> _Task directions_
Please copy out the entries below exactly, beginning with the line that contains "Lucia Pant - Ponte Knit | Jude Connally" and ending with the line that contains "I Used Tape", and include nothing outside that span.
Dataset excerpts Block Start
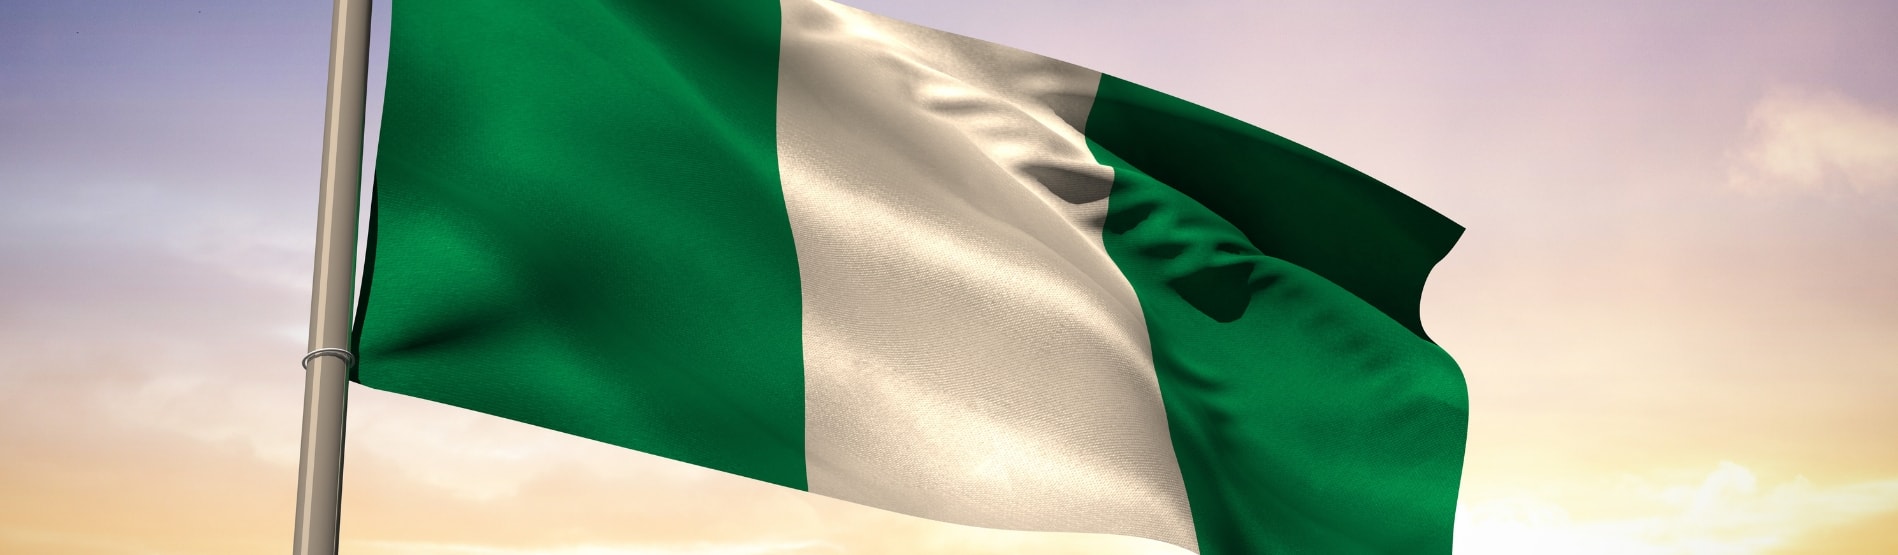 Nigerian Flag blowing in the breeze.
Dataset excerpts Block End
Dataset excerpts Block Start
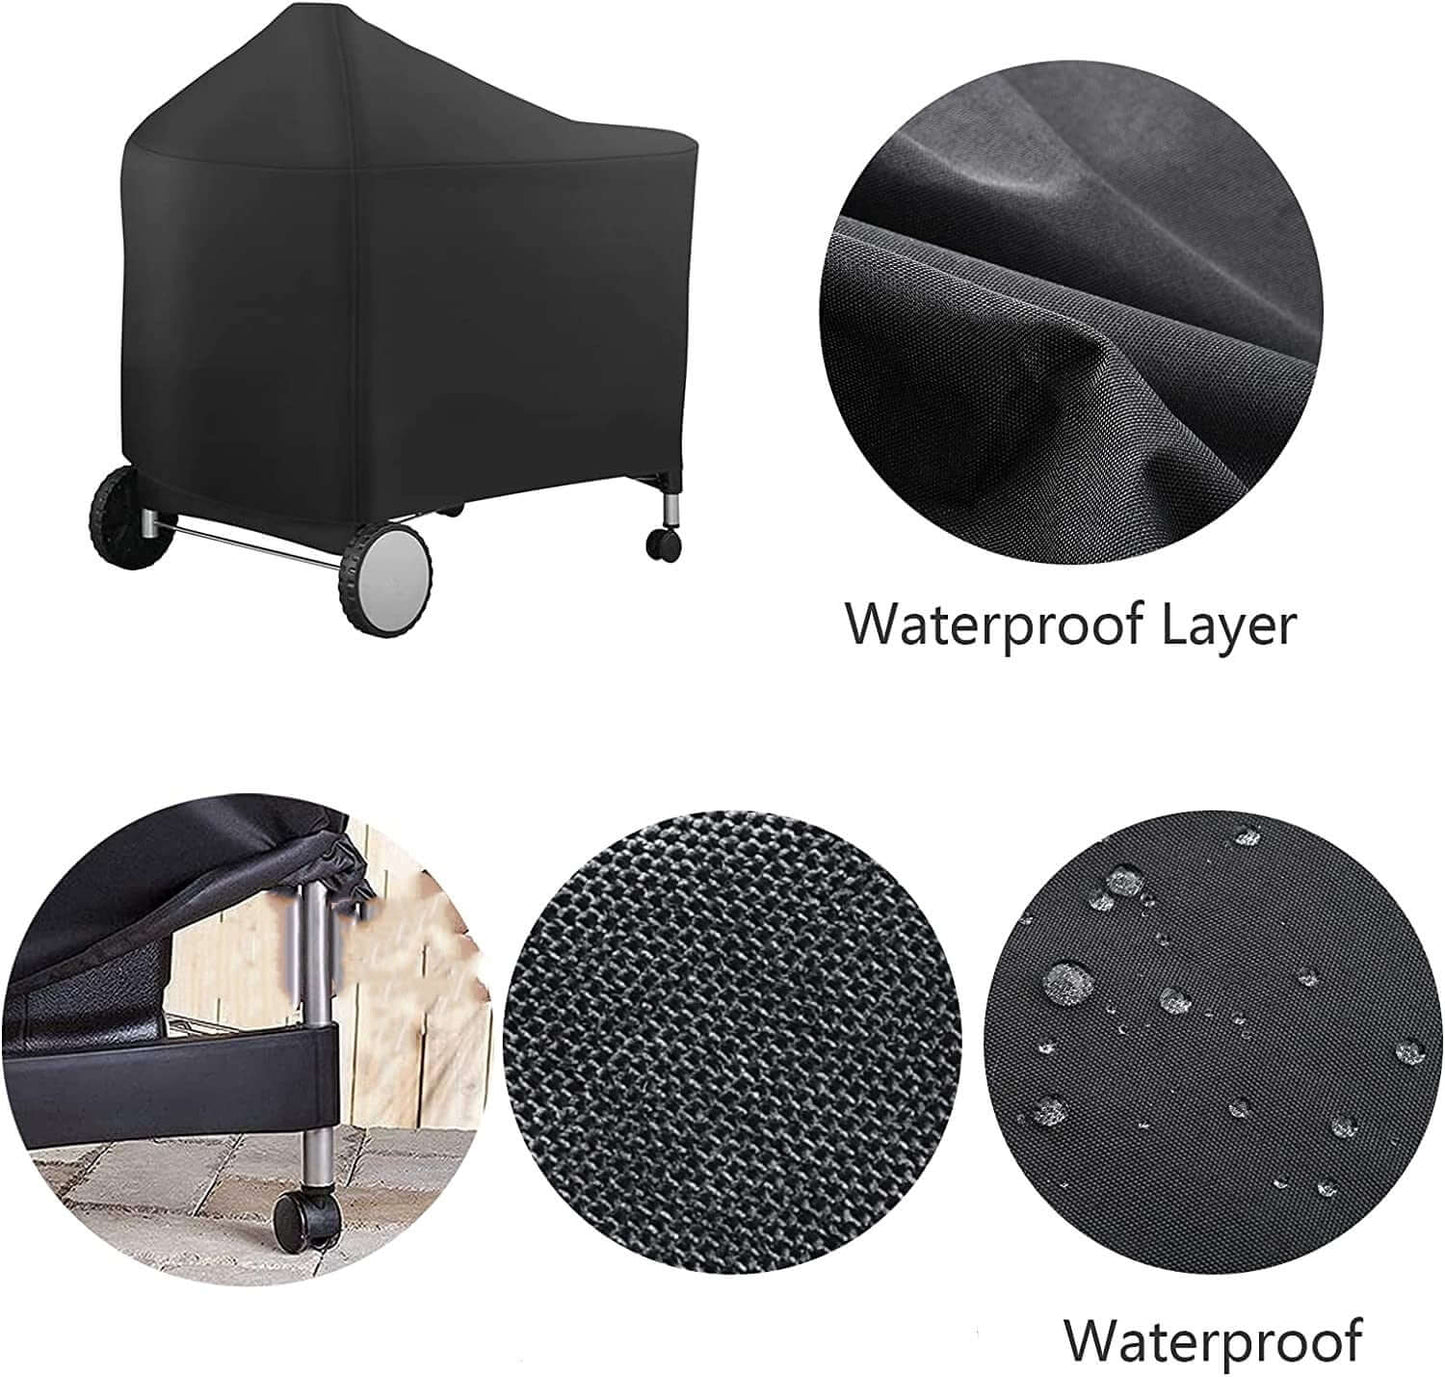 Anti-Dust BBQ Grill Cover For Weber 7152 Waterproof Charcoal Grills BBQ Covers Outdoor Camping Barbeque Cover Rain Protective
Dataset excerpts Block End
Dataset excerpts Block Start
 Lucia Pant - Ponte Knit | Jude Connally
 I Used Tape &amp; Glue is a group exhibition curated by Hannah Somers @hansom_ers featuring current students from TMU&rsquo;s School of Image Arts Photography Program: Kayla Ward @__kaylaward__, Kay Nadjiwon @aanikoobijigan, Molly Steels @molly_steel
Dataset excerpts Block End
> _Output below_
 Lucia Pant - Ponte Knit | Jude Connally
 I Used Tape &amp; Glue is a group exhibition curated by Hannah Somers @hansom_ers featuring current students from TMU&rsquo;s School of Image Arts Photography Program: Kayla Ward @__kaylaward__, Kay Nadjiwon @aanikoobijigan, Molly Steels @molly_steel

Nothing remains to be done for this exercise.